### ASSIGNED TASK
Would you retype the listing below word for word, without any of its pictures?

Segment Start: SOURCE MATERIAL

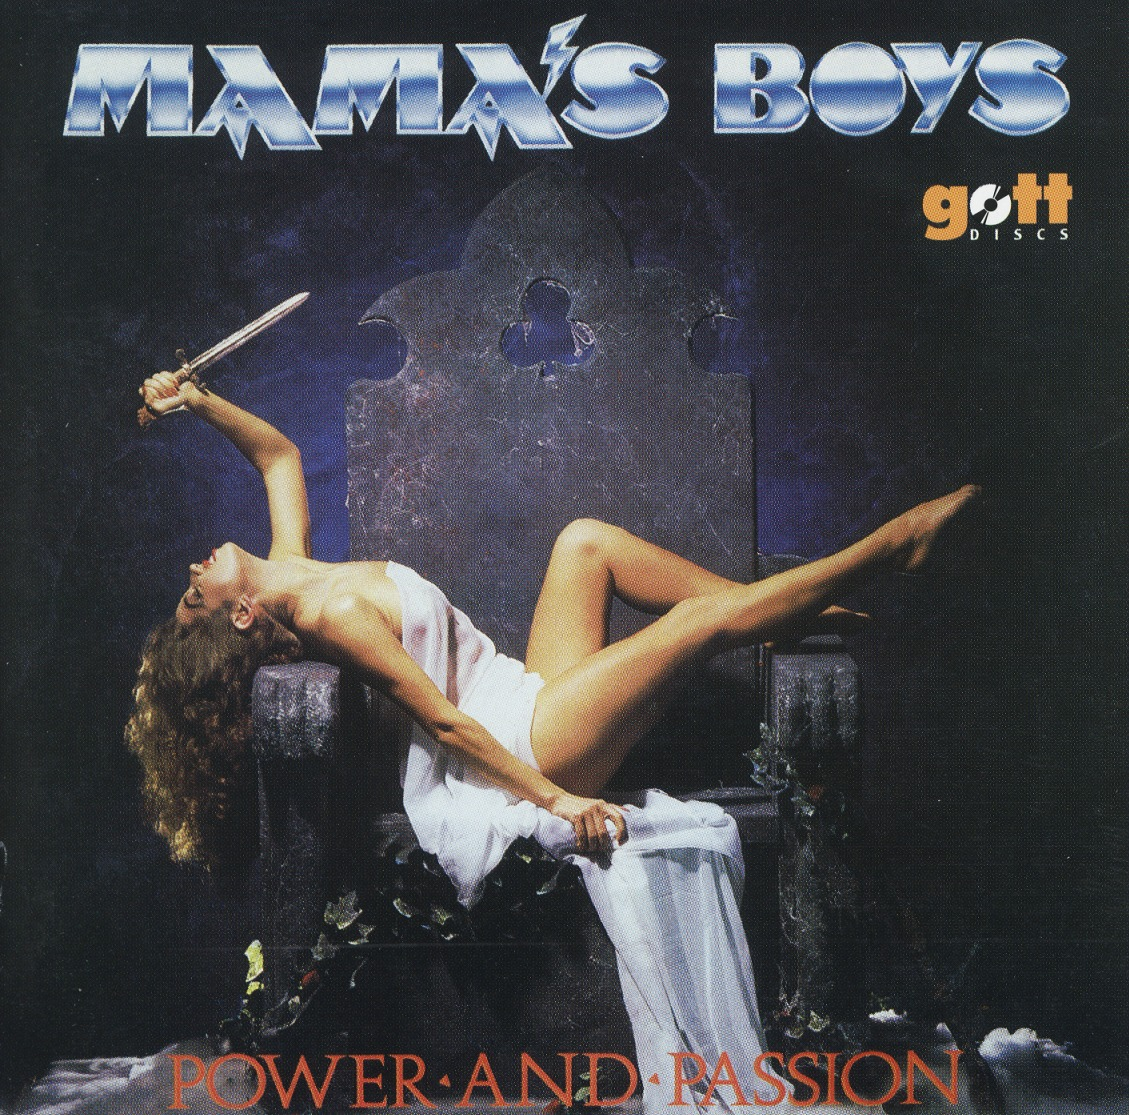 MAMA'S BOYS (Ireland) / Power And Passion
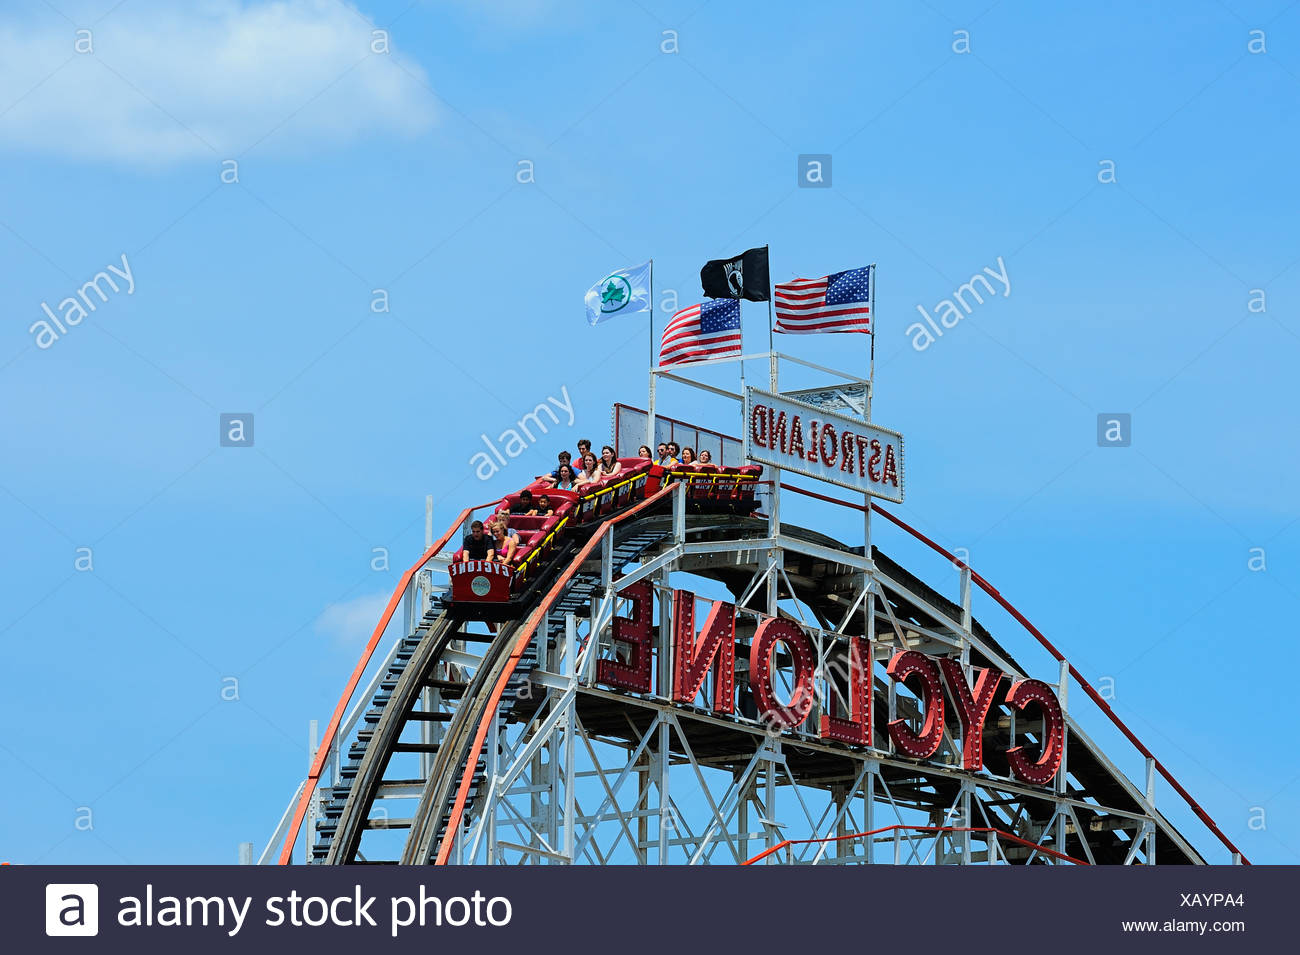 Coney Island Cyclone, rollercoaster, Astroland Park, Coney Island, New York, USA - Stock Image
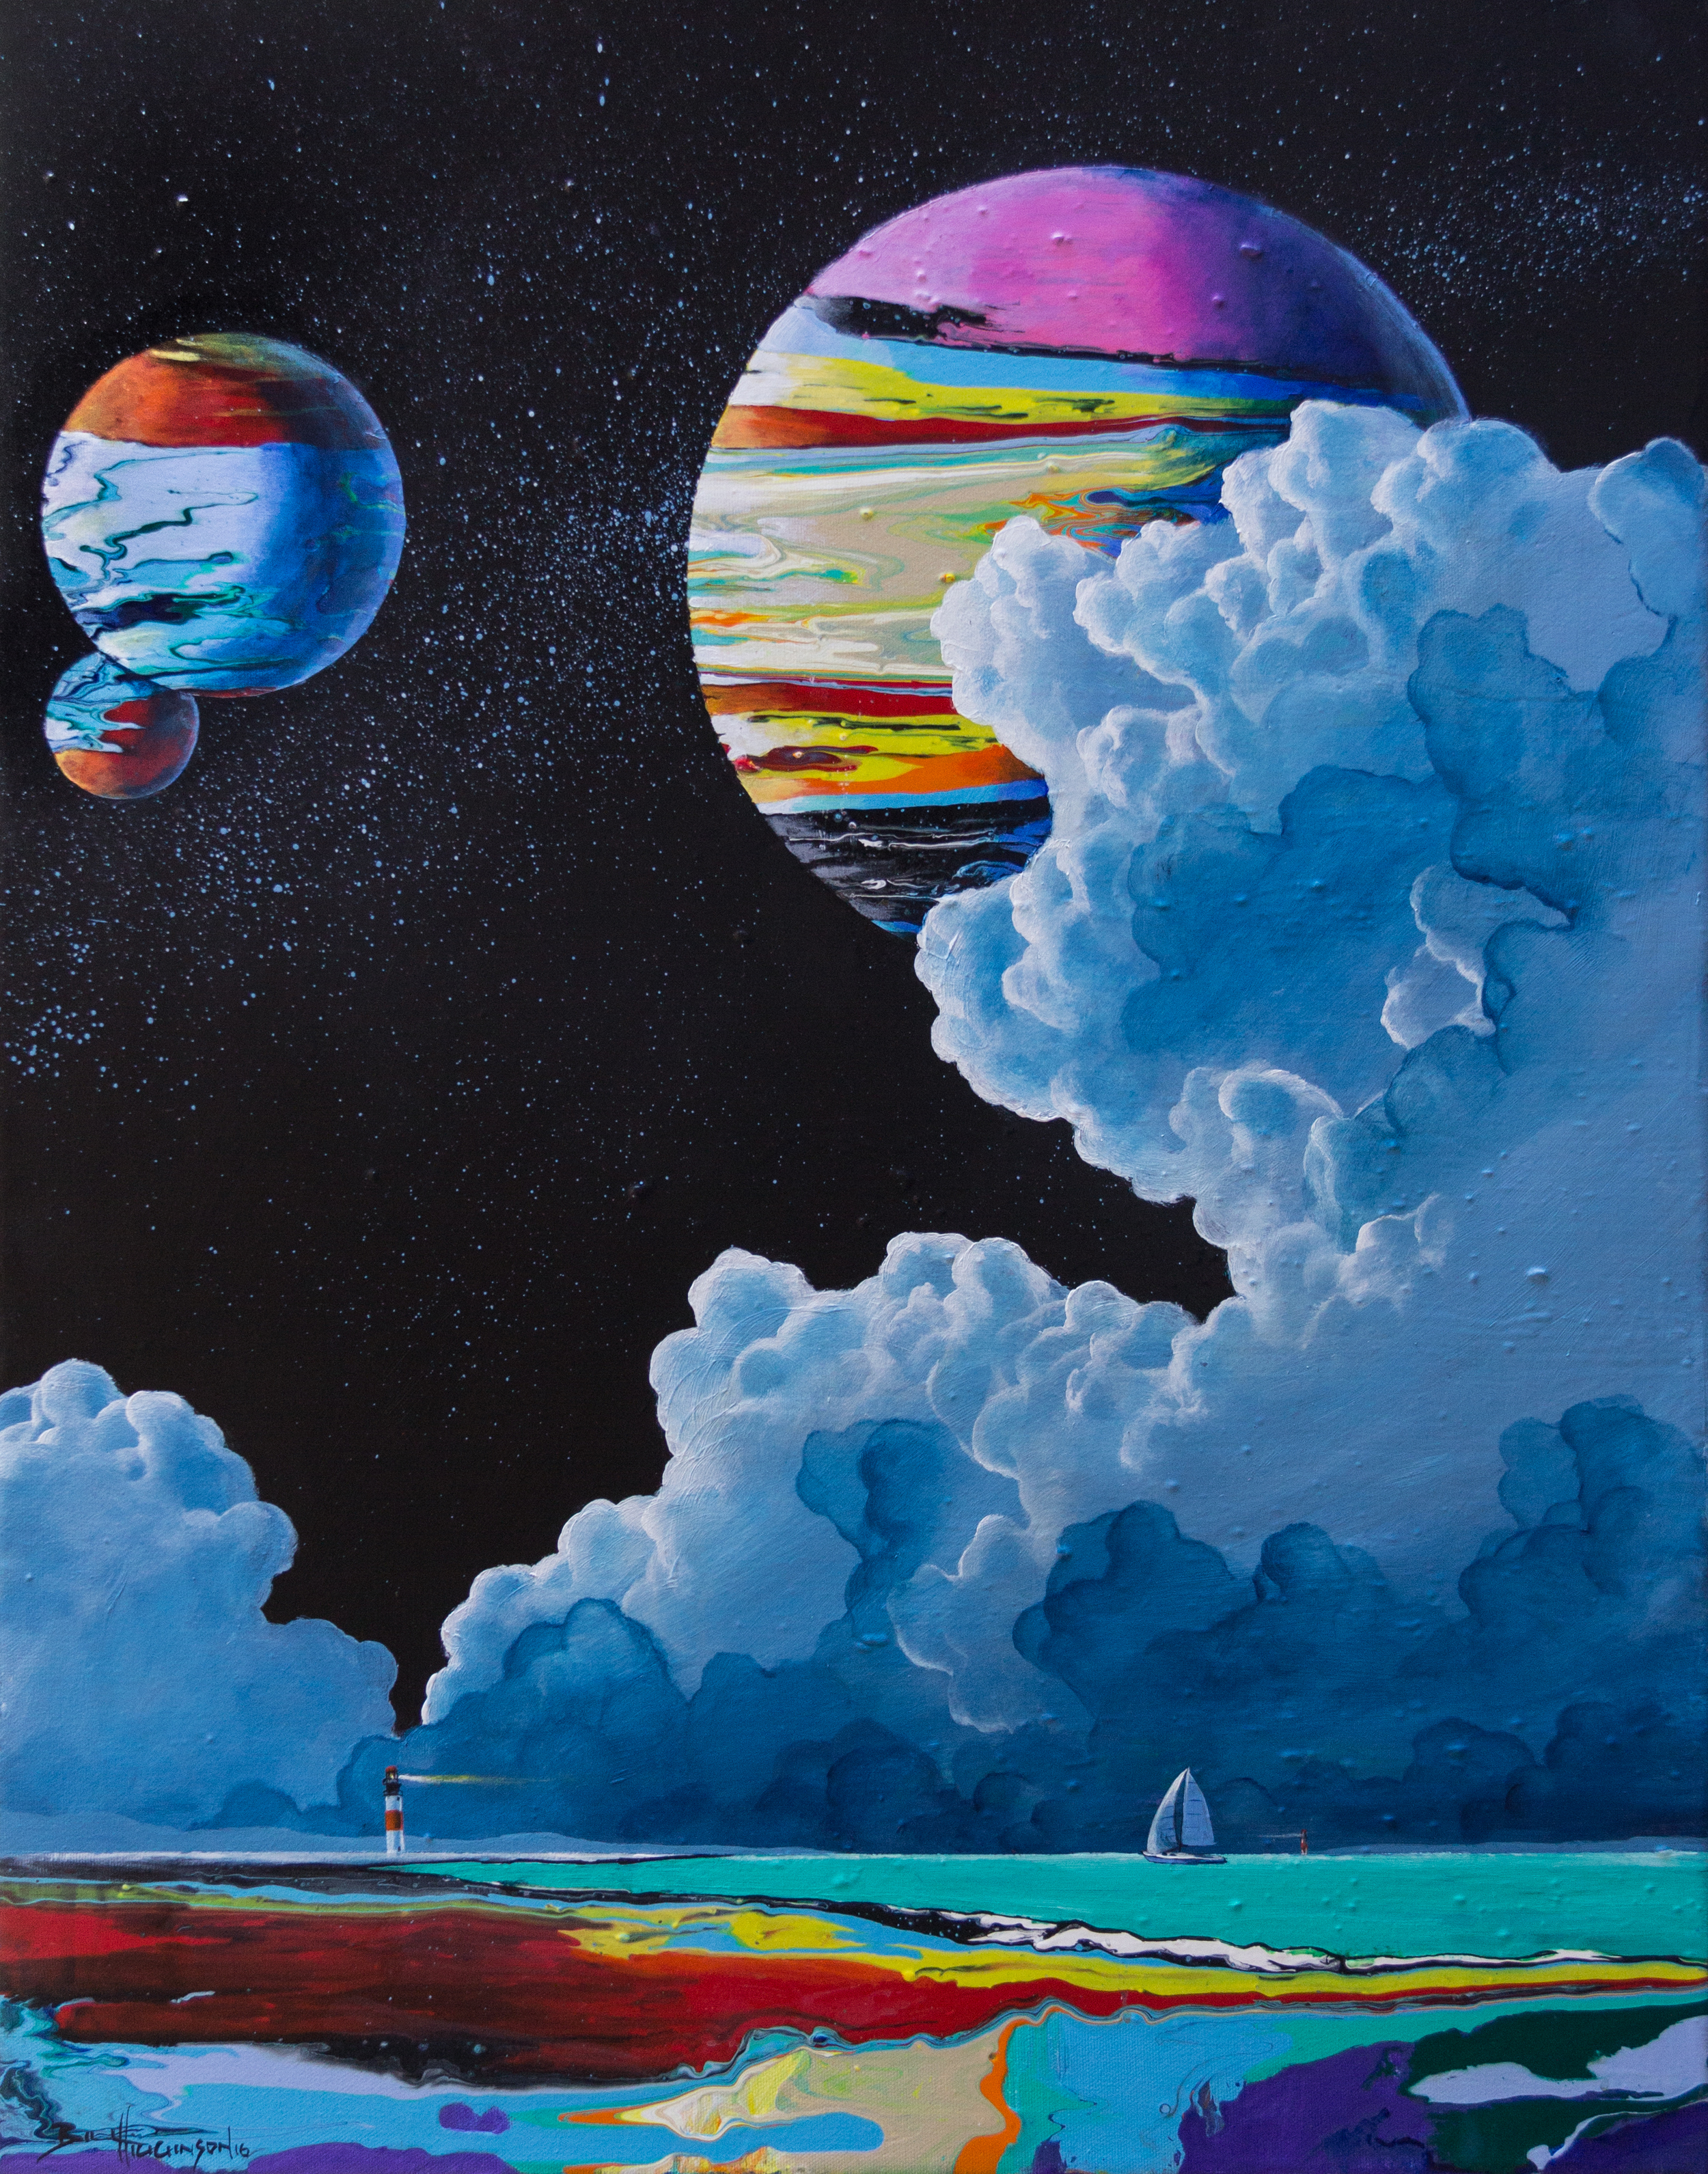 bill-higginson/art/can-you-see-it/fantasy-landscape-surrealism
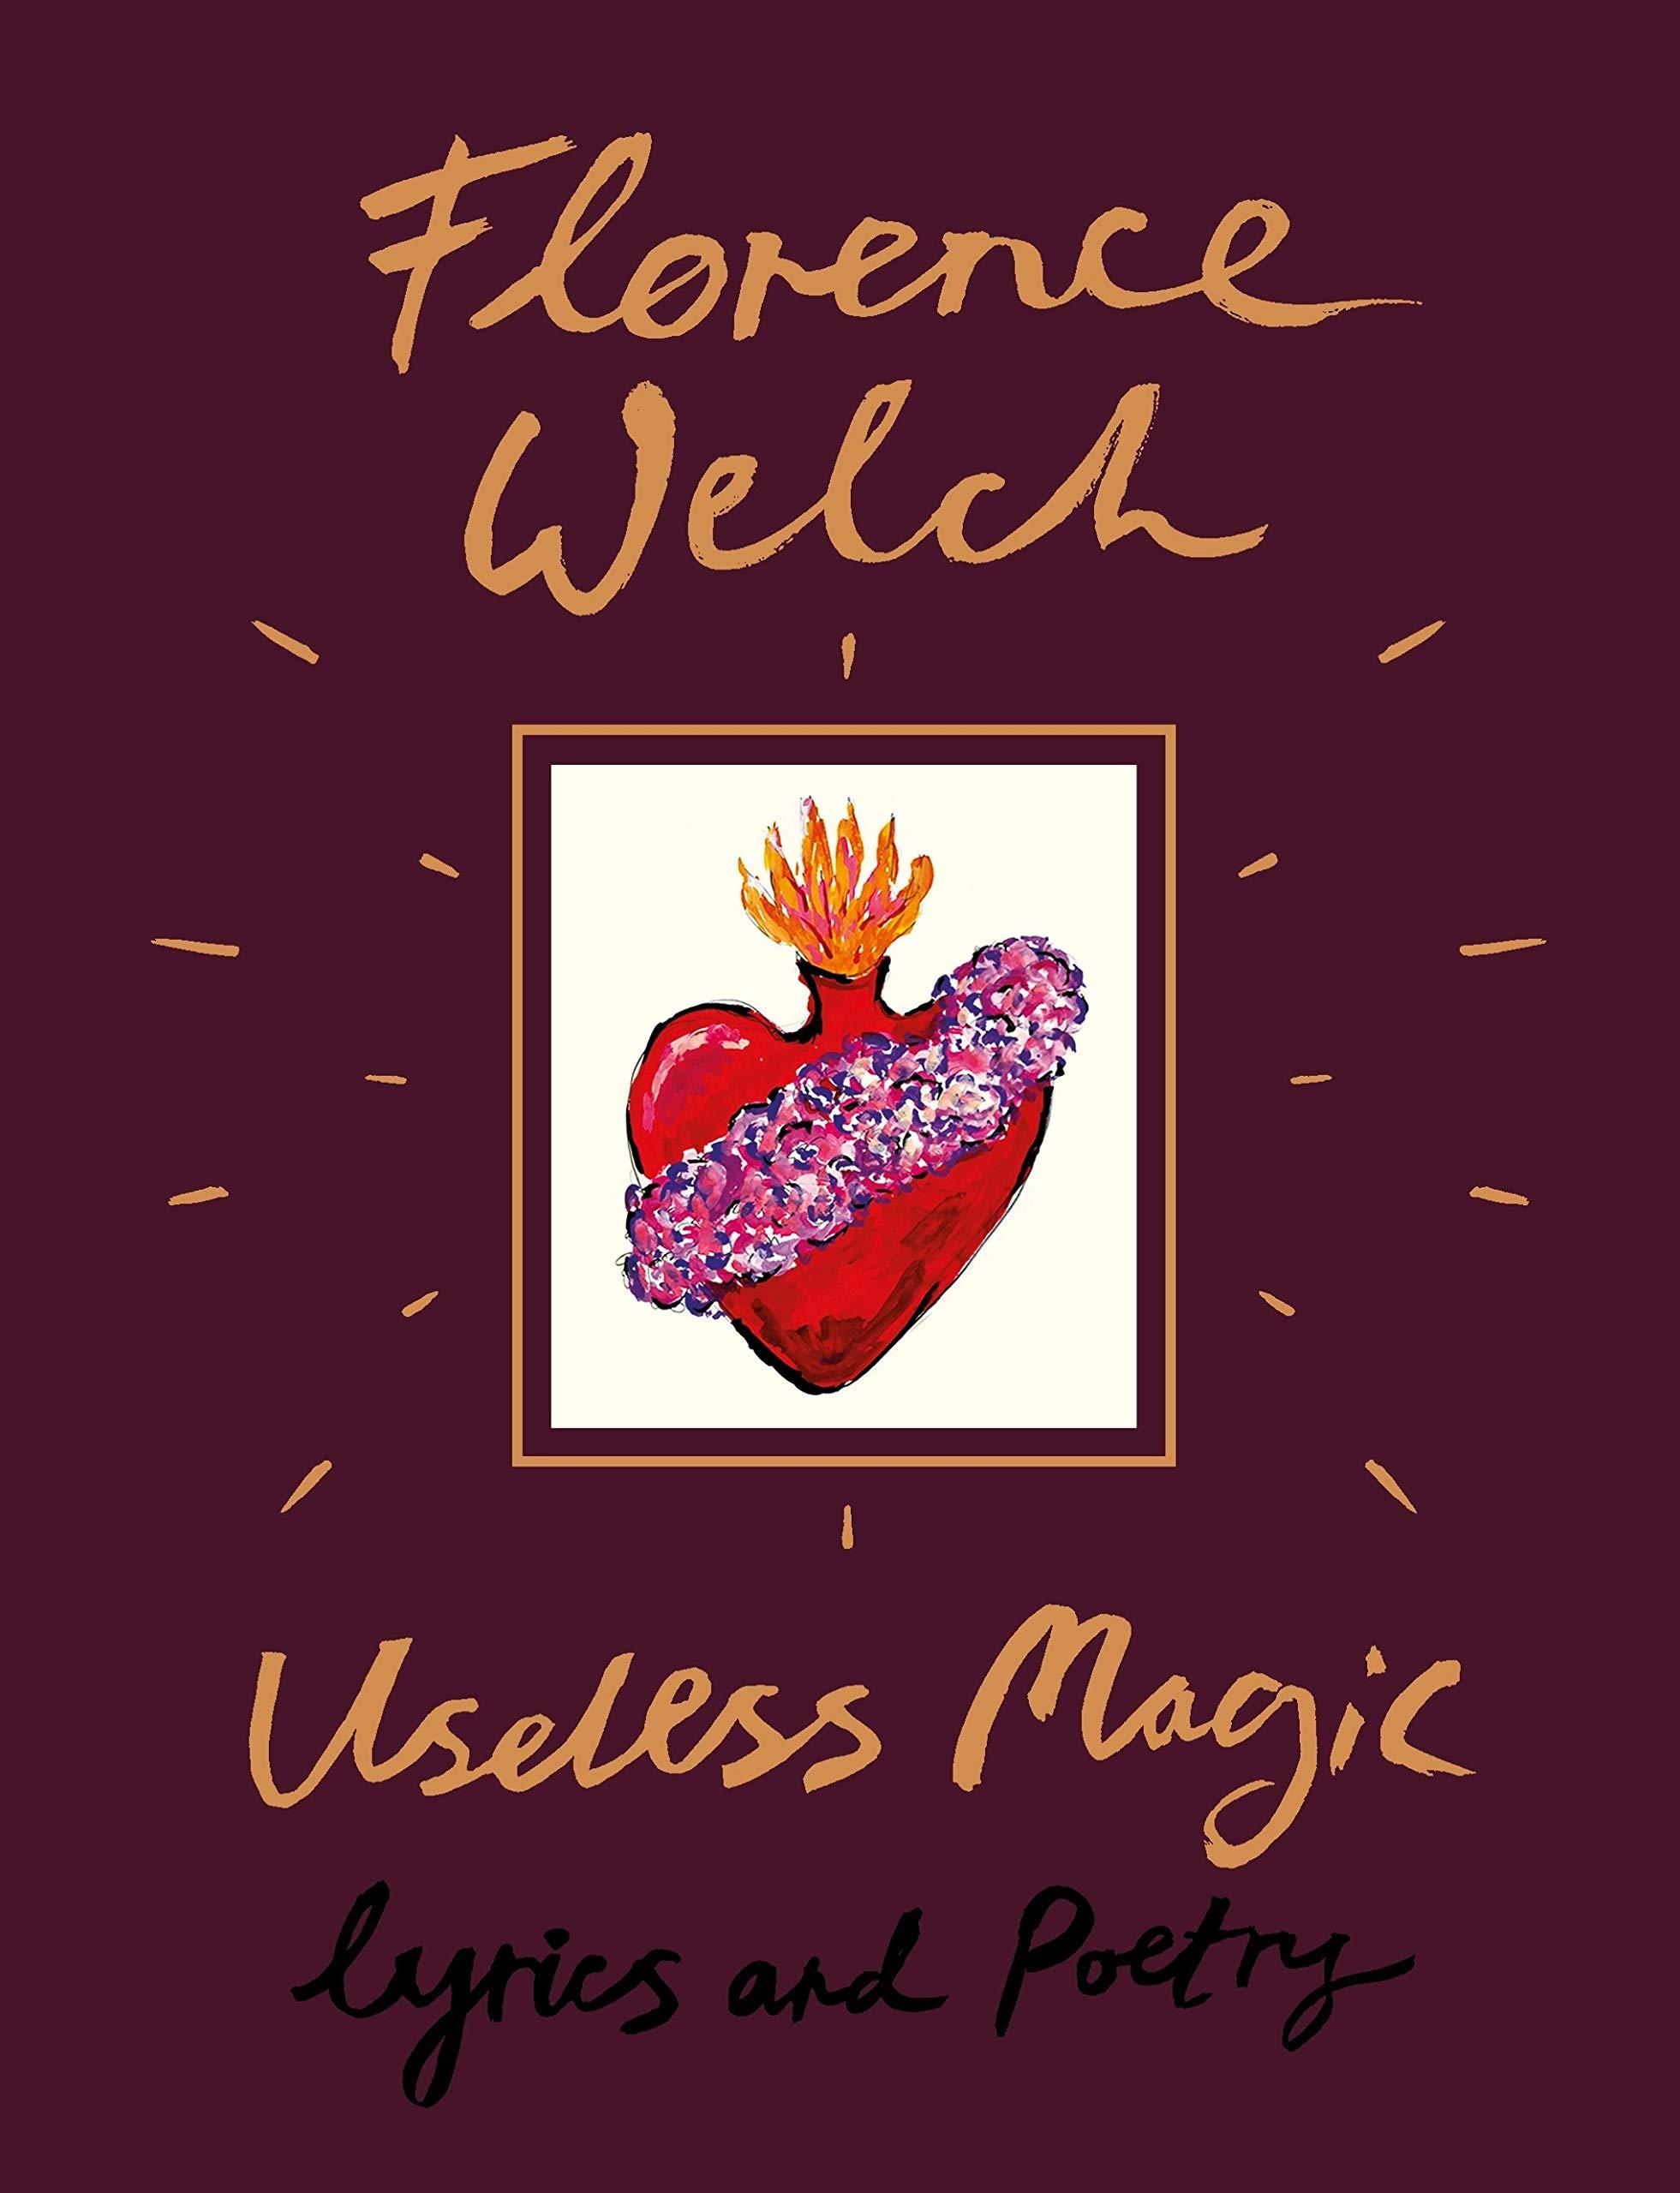 Useless Magic: Lyrics and Poetry: Amazon.de: Florence Welch ...

Segment End: SOURCE MATERIAL

### RESULT OF THIS TASK
 MAMA'S BOYS (Ireland) / Power And Passion
 Coney Island Cyclone, rollercoaster, Astroland Park, Coney Island, New York, USA - Stock Image
 bill-higginson/art/can-you-see-it/fantasy-landscape-surrealism
 Useless Magic: Lyrics and Poetry: Amazon.de: Florence Welch ...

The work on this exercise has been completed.